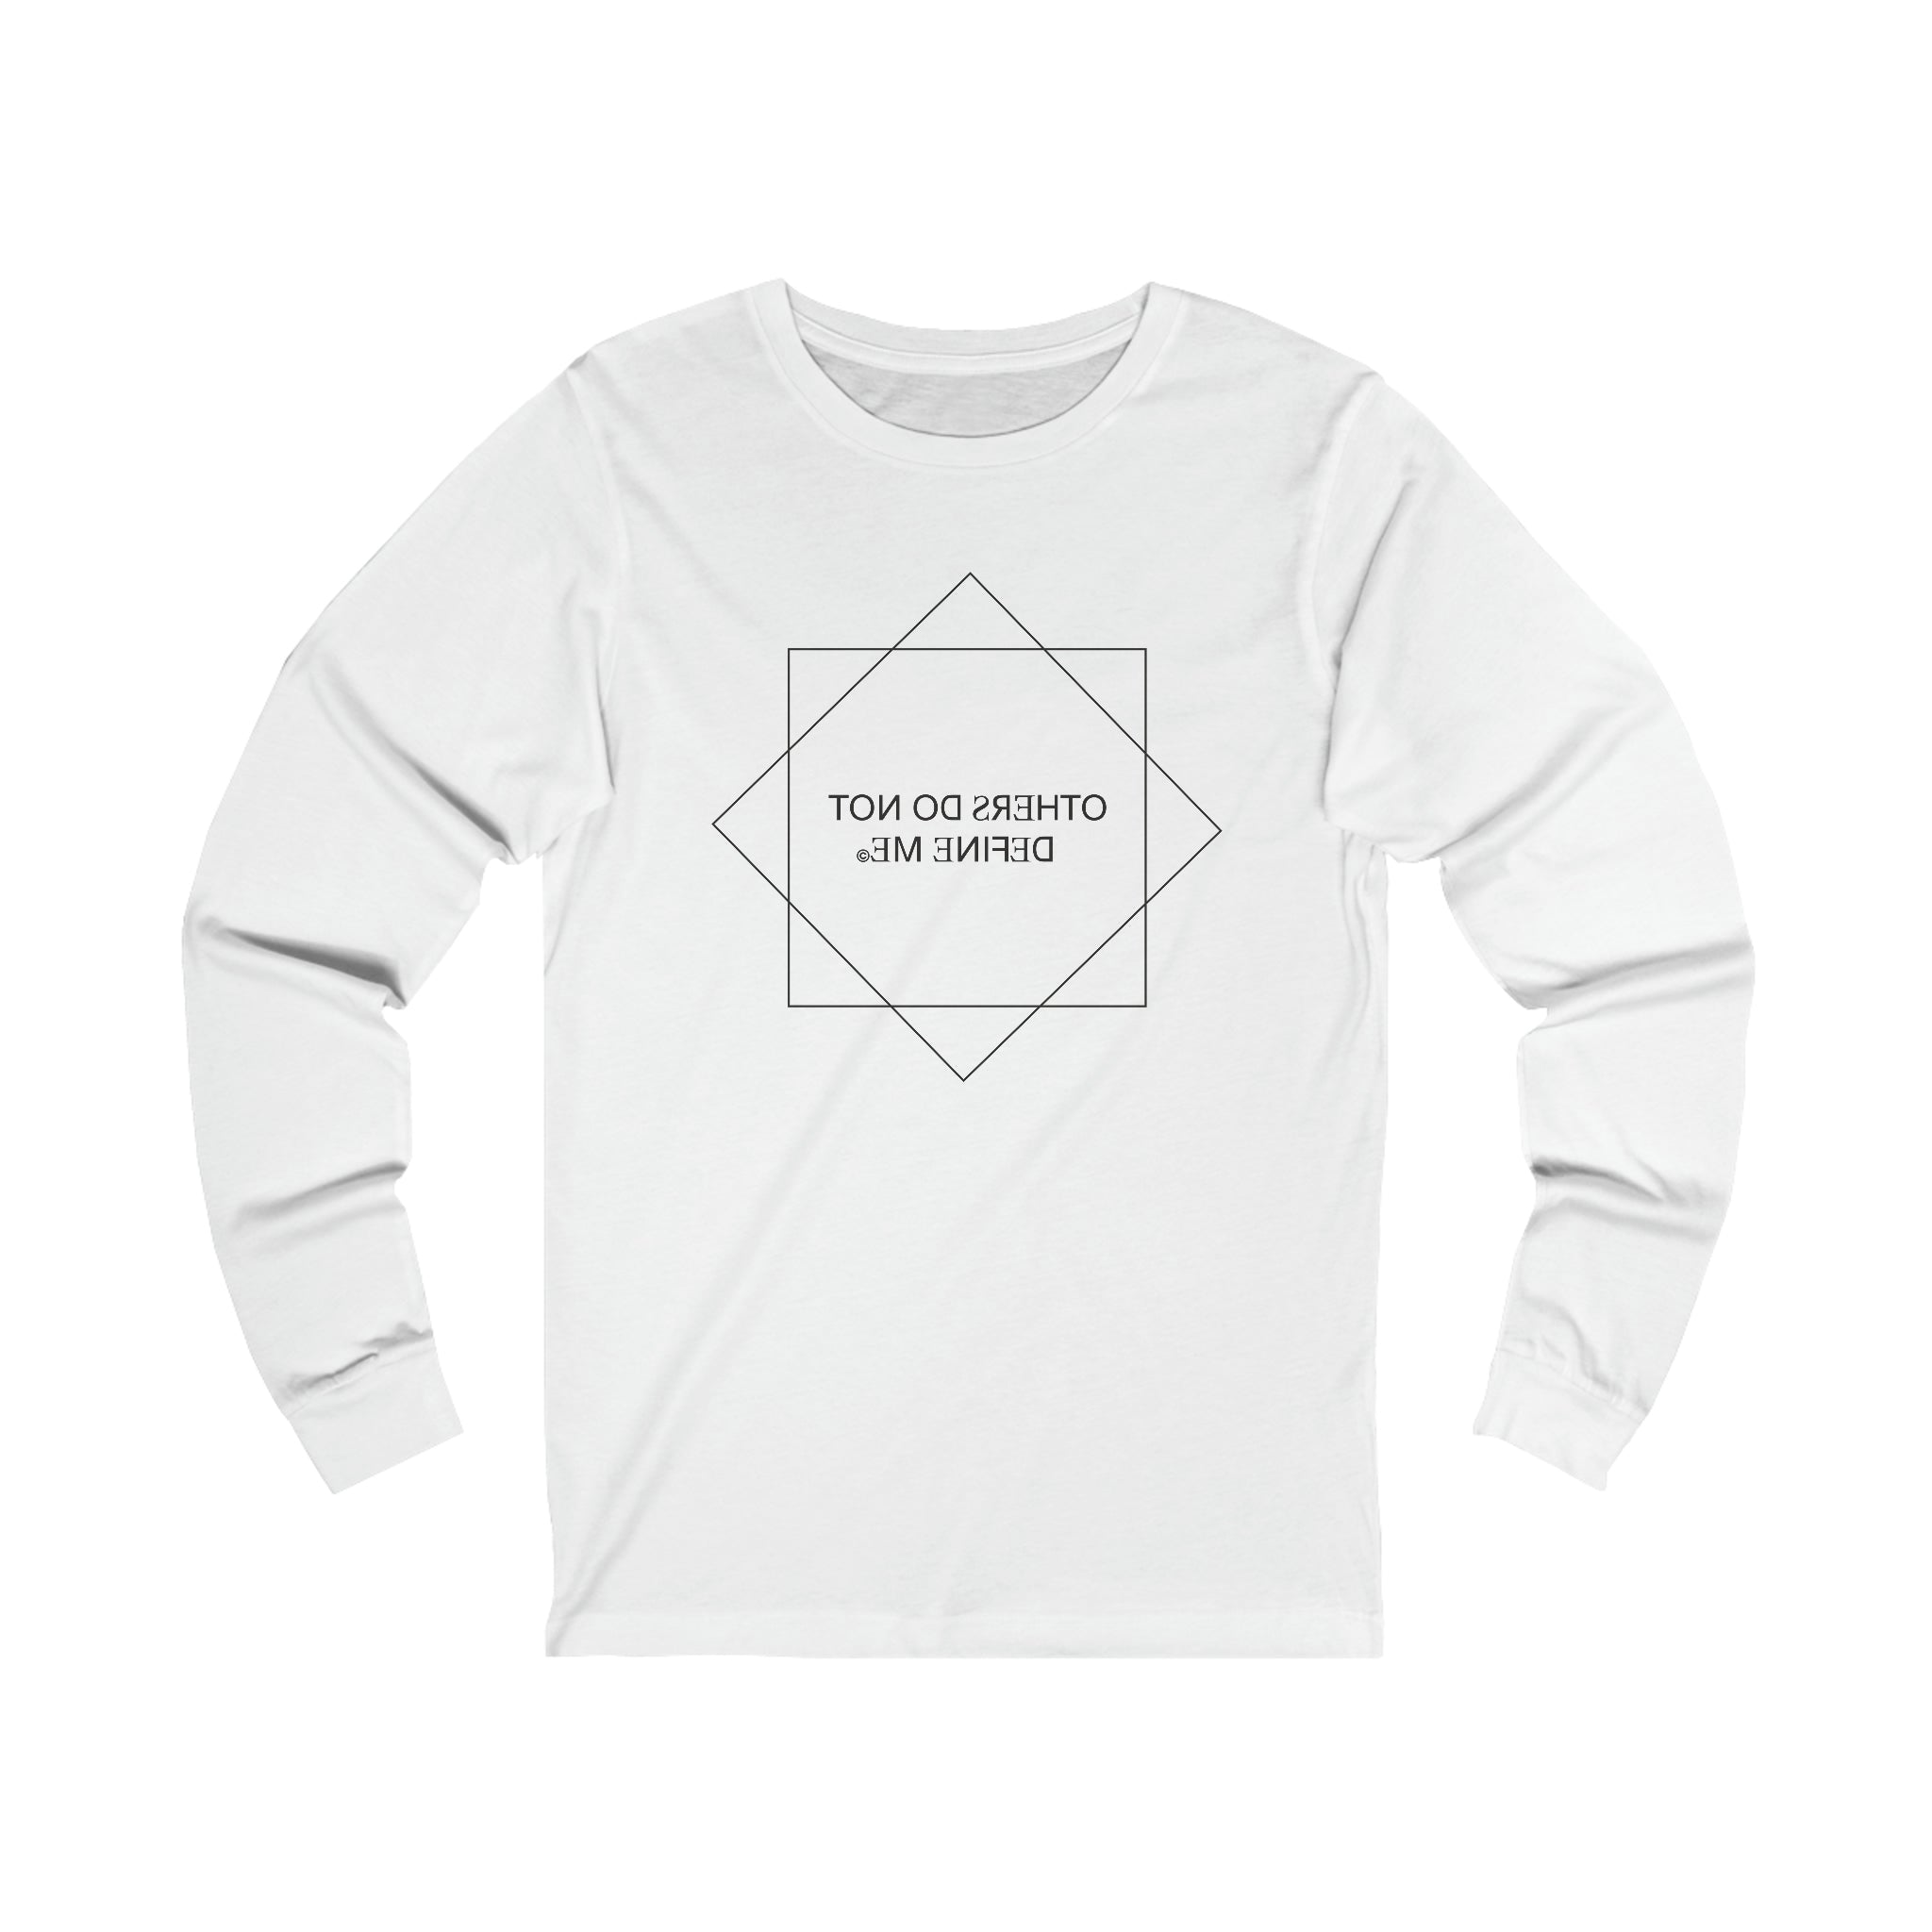 "Others Do Not Define Me" Women's Long Sleeve Tee
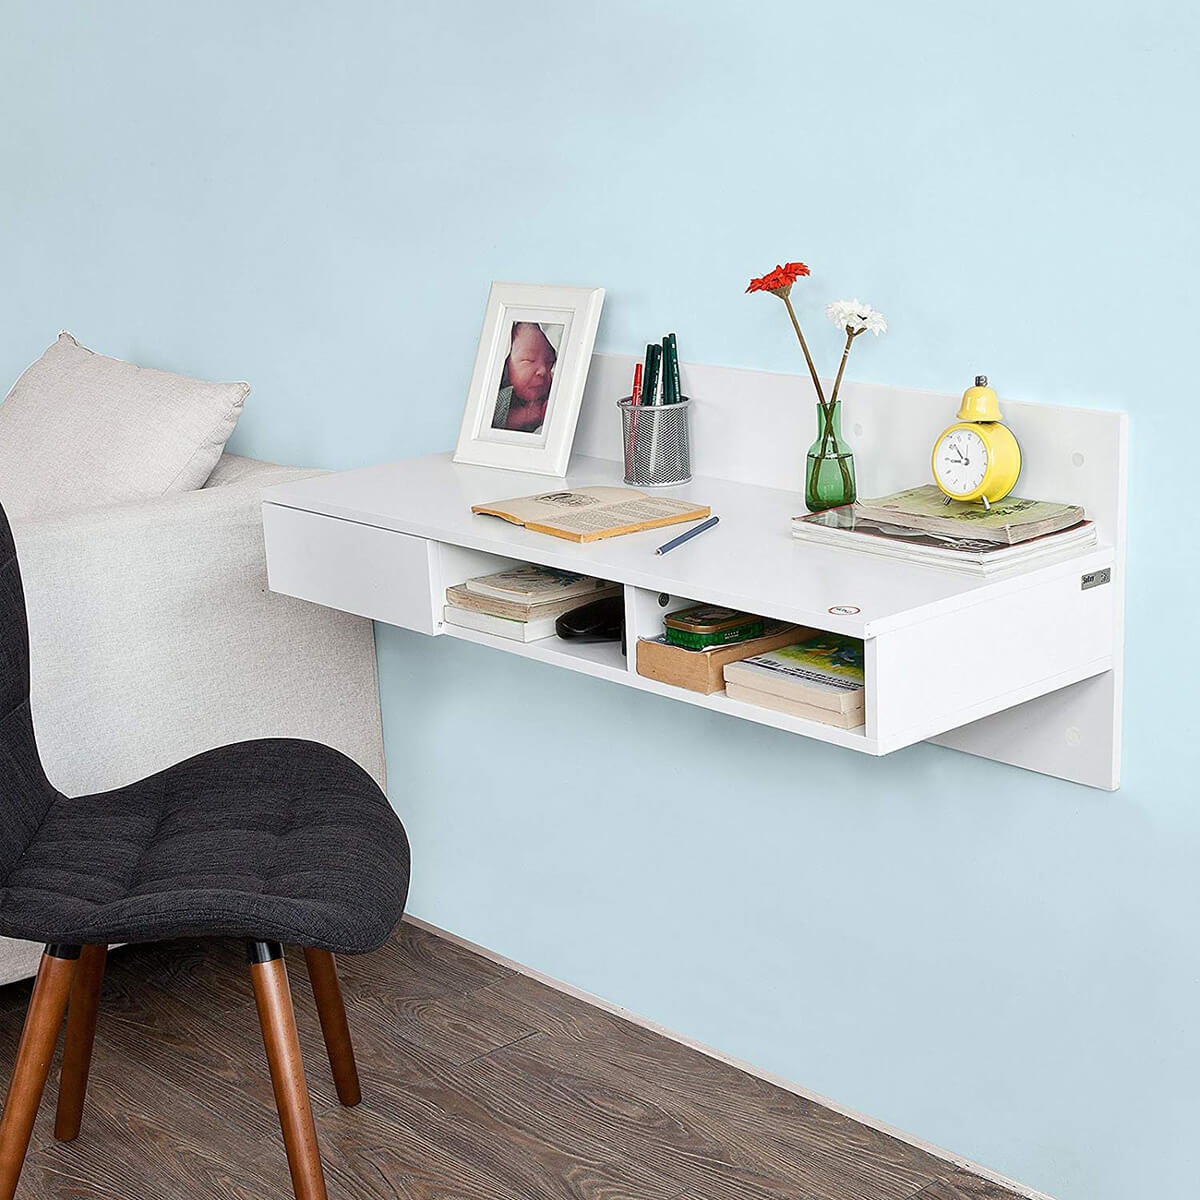 Solid Wall Home Office Desk Idea
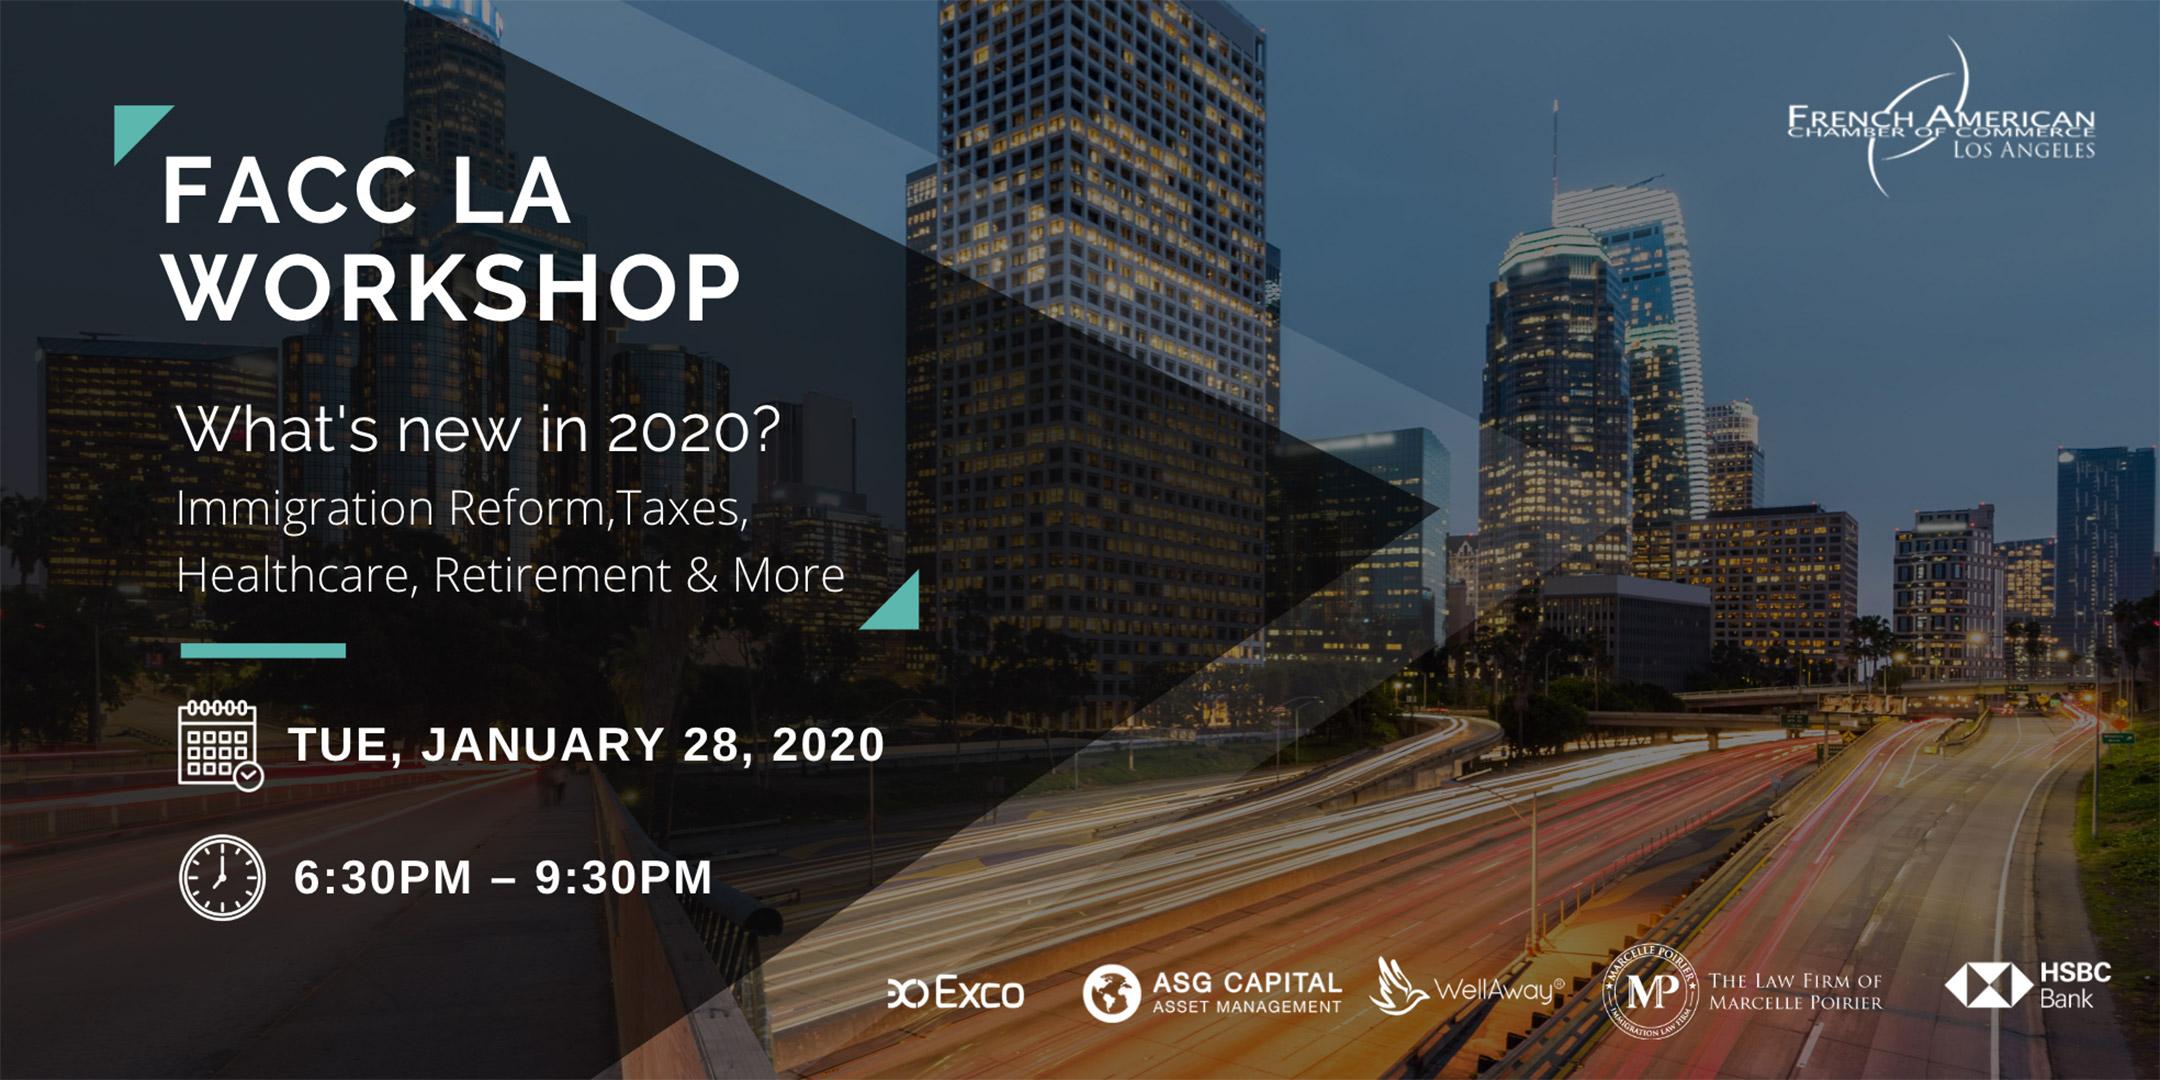 FACC LA WORKSHOP - What's new in 2020? Immigration Reform, Taxes, Healthcare, Retirement & More
★ ★ ★ ★ ★
TASK GOAL
Would you print all of the material exactly as written, minus the pictures?

ANSWER TO THE EXERCISE
 "Others Do Not Define Me" Women's Long Sleeve Tee
 Solid Wall Home Office Desk Idea
 FACC LA WORKSHOP - What's new in 2020? Immigration Reform, Taxes, Healthcare, Retirement & More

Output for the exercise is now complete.